When you’re trying to wrap your brain around a new concept, it’s human nature to relate what you’re hearing to something you already know.

Most times, as the pitch continues, my thinking changes to “Hmm, that sounds a lot like Startup X.”

And sometimes, it turns into, “OK, that sounds exactly like Startup X.”

And this is not a problem.

The chances of anyone coming up with an idea for a product or service that is completely unique, original and never-been-done are pretty much nil.

Even if the practical application of the idea hasn’t been adopted by the mainstream or even hit the market, chances are great that someone, somewhere, is working on getting it there.

The problem arises when Startup X is brought to the attention of the pitching entrepreneurs and they get that blank, panicked look in their eyes.

Competitive analysis, the process of assessing the strengths and weaknesses of a company’s competitors, is a boring, depressing and perpetual process that should begin the moment the cartoon light bulb disappears from over your head, and continue until your company is a monopoly.

It’s a crucial and often overlooked part of the startup process, and even when it happens, it’s usually forgotten by the time the product has launched.

Both of those scenarios are quick ways to failure.

However, the solution might not merely be to strive to be better than the other companies that do what you do. Businesses should also be looking at what people aren’t buying in an effort to gain customers and attract attention.

“Testive’s main competitor isn’t any of the online education solutions that are out there,” said Miro Kazakoff, CEO and co-founder of Testive, an online tutoring services company making the transition from Boston to Durham. “It’s the people who choose to do nothing or those who buy high-end tutoring services. Watching our online competitors means we’d only develop for the small group of people who are considering our product already, not the 99 percent of people who are ignoring us.”

In that sense, competition is usually a good thing.

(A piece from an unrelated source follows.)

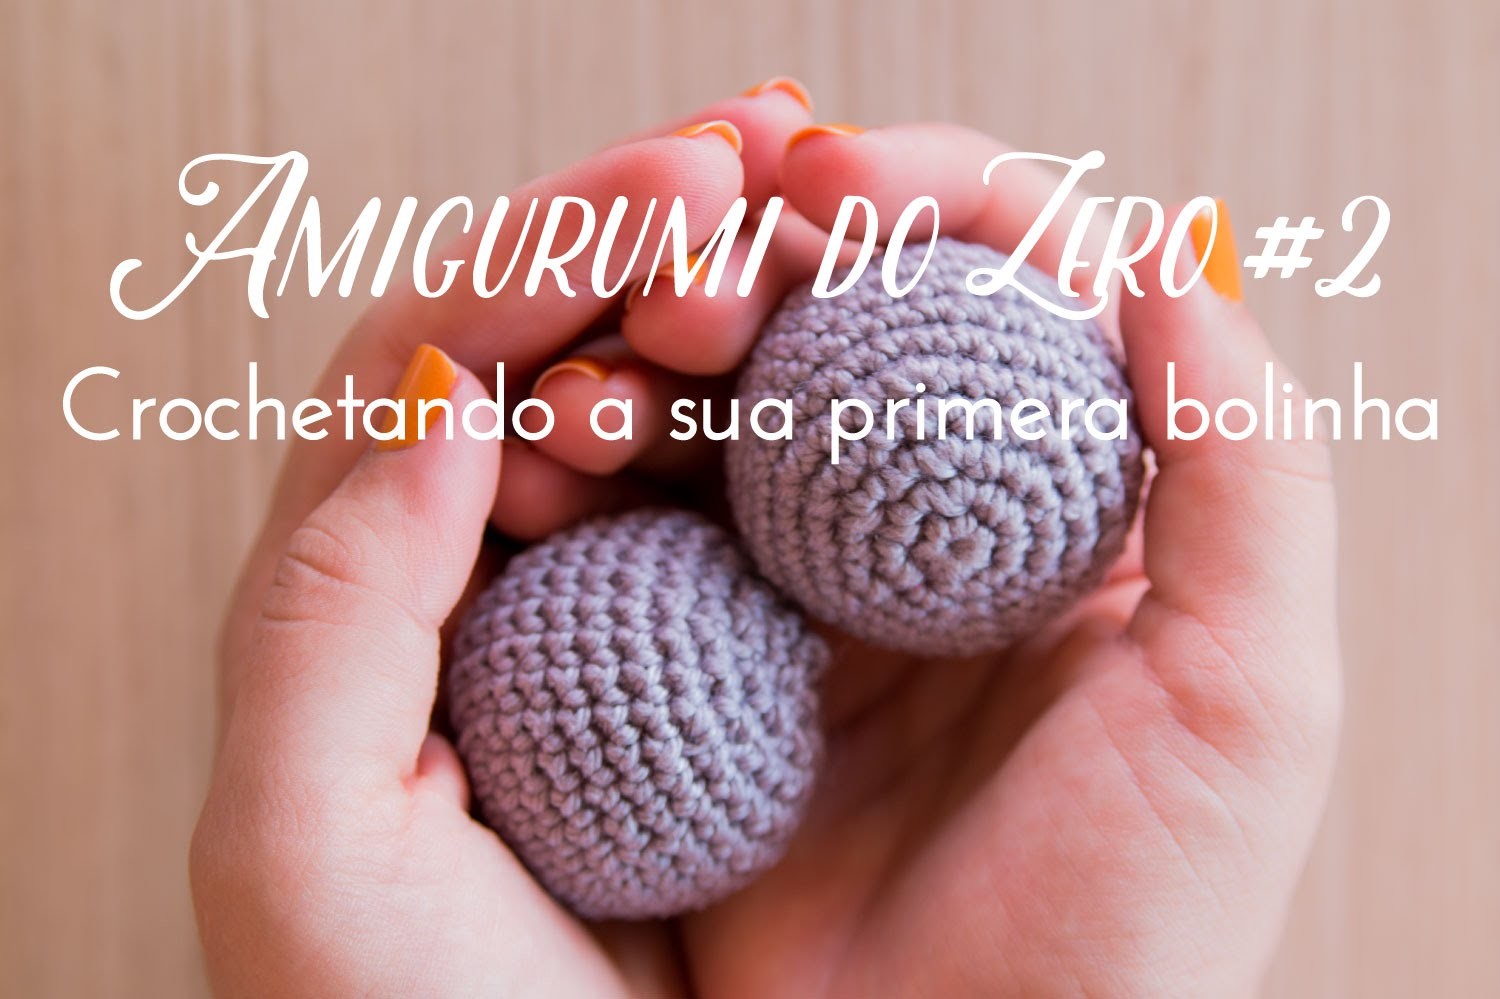 Amigurumi do Zero #2 - Crochetando a sua primeira bolinha
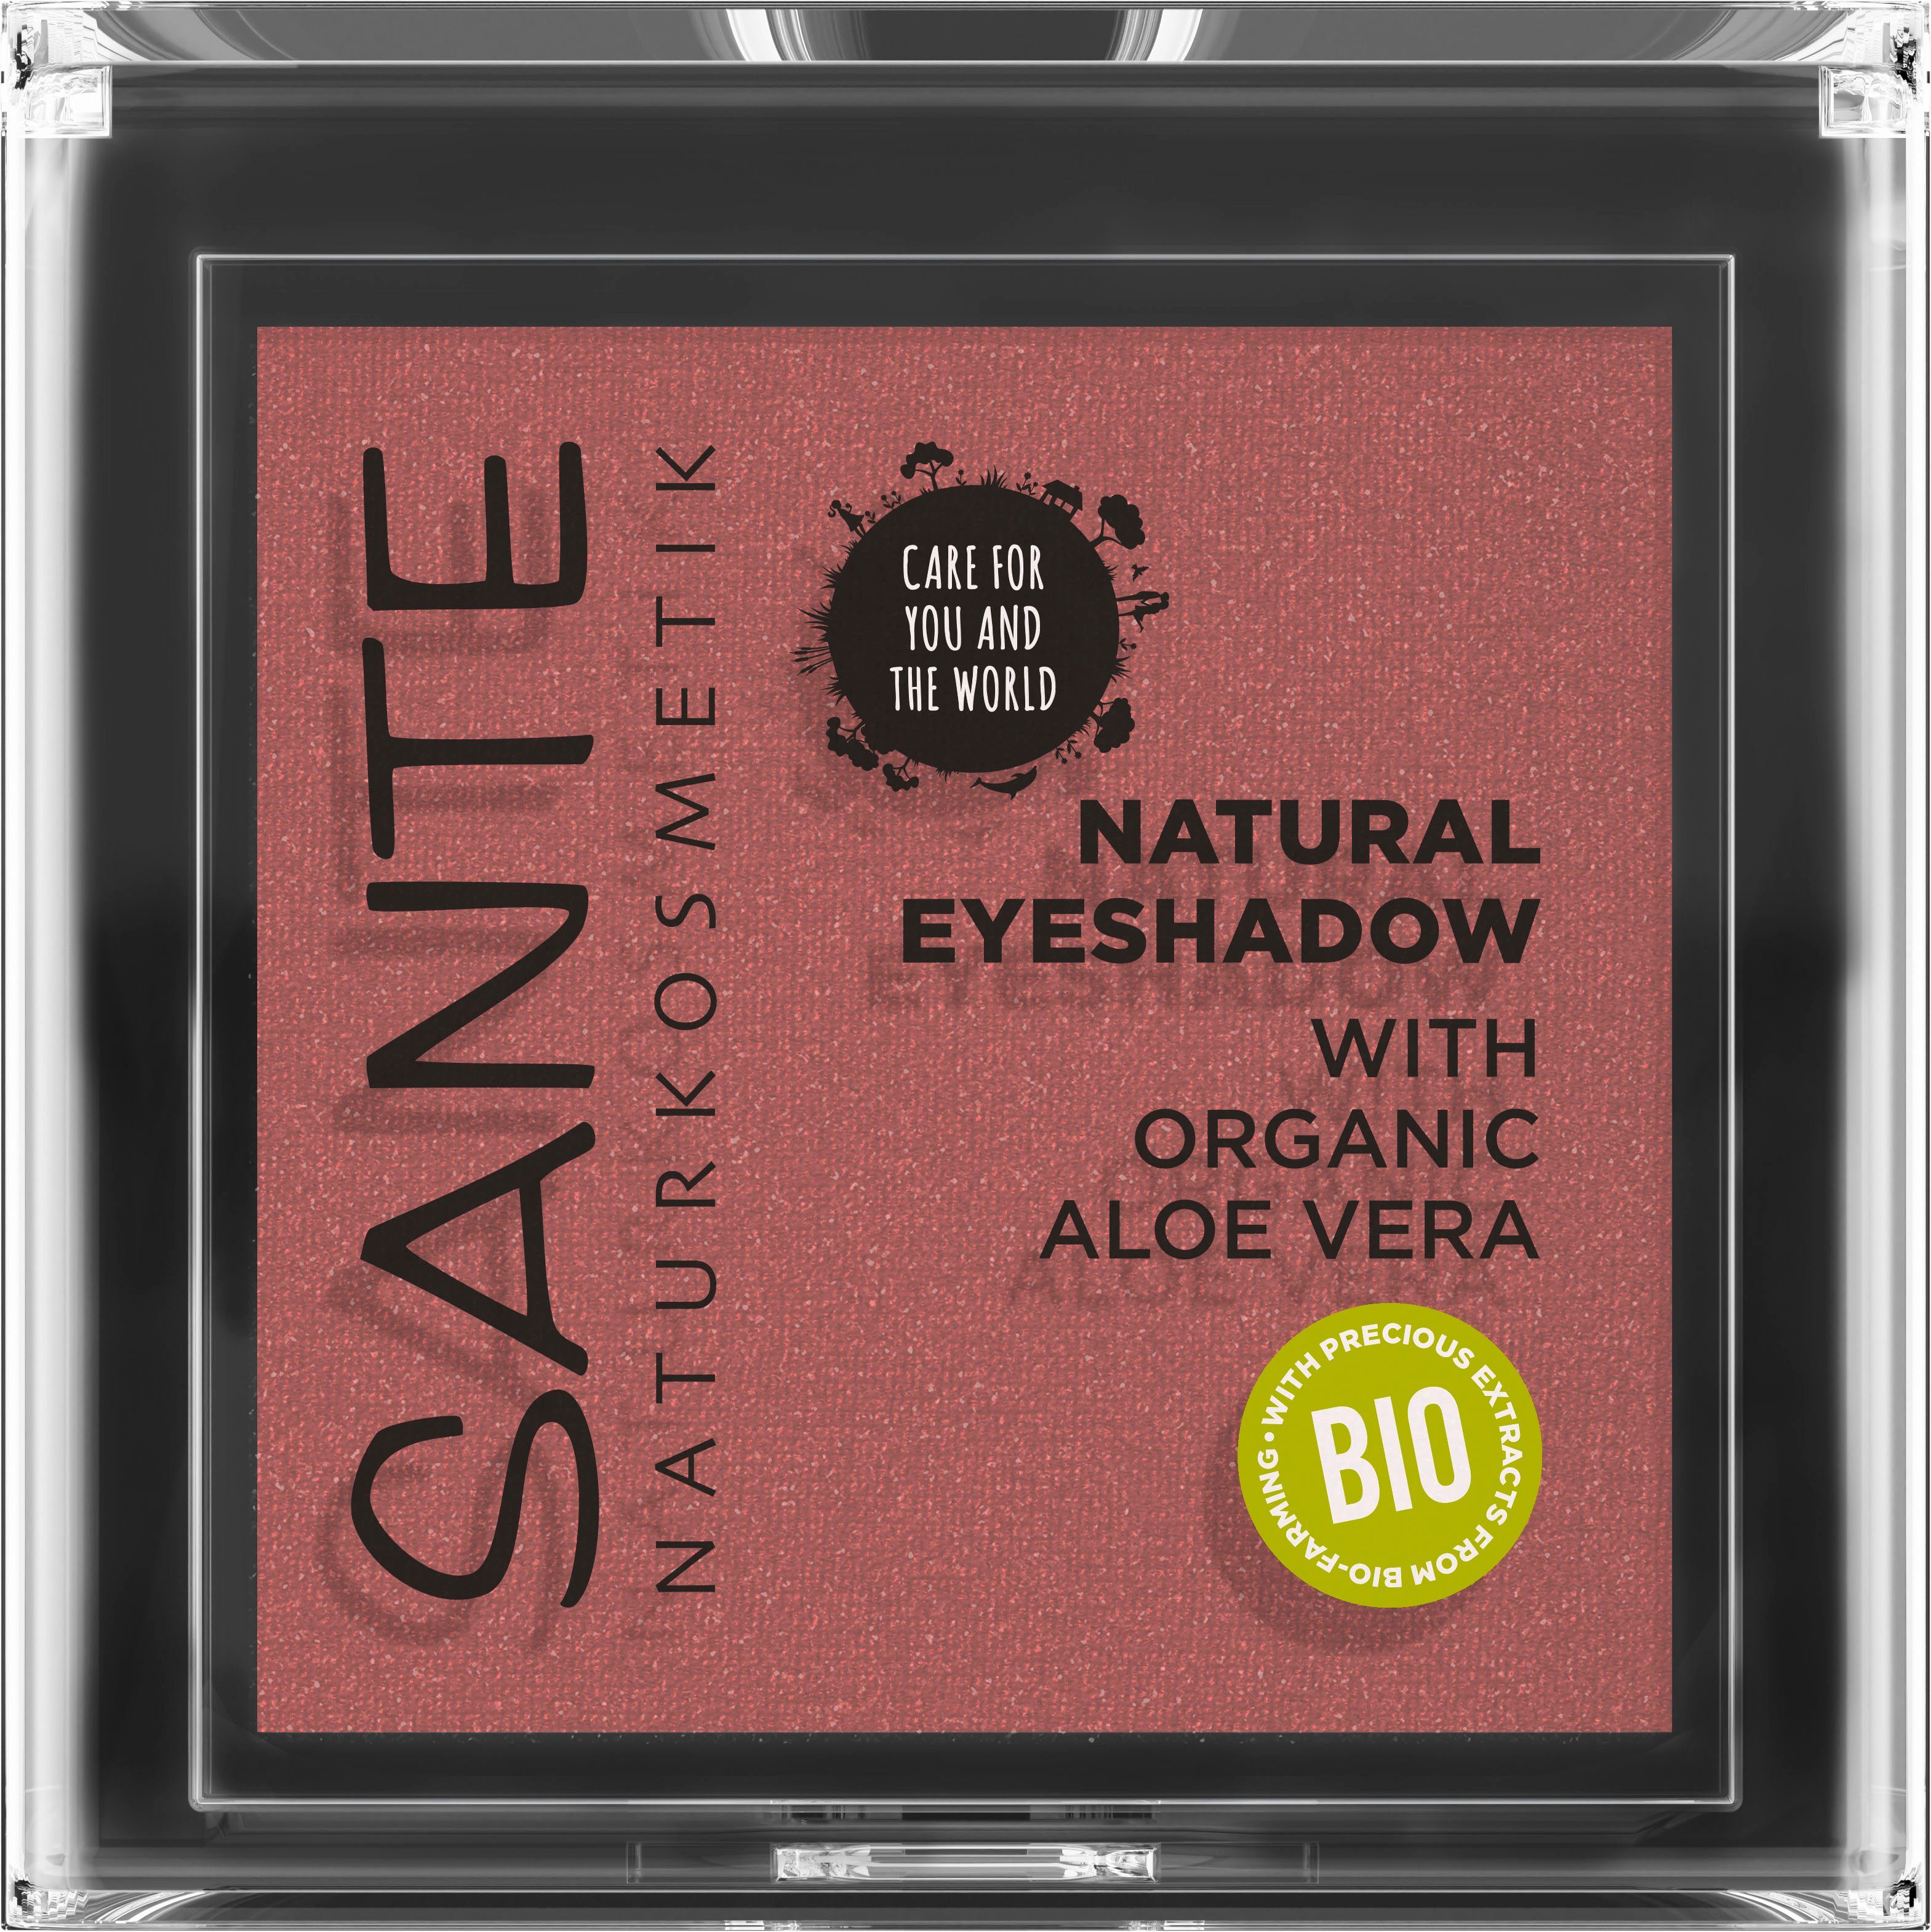 Natural SANTE Sunburst Lidschatten Eyeshadow 02 Copper

“Somebody is clearly paying them a lot of money for their product, and seeing value from them,” said Daniel Chalef, CEO of Raleigh-based KnowledgeTree, an online software company. “Bingo! … Market validation. Now, go work out why many of the competitor’s prospects aren’t buying, fix that problem, and make money.”

“Continue to watch what competitors are doing,” Chalef said. “But spend most of your time listening to your customers and building what they need.”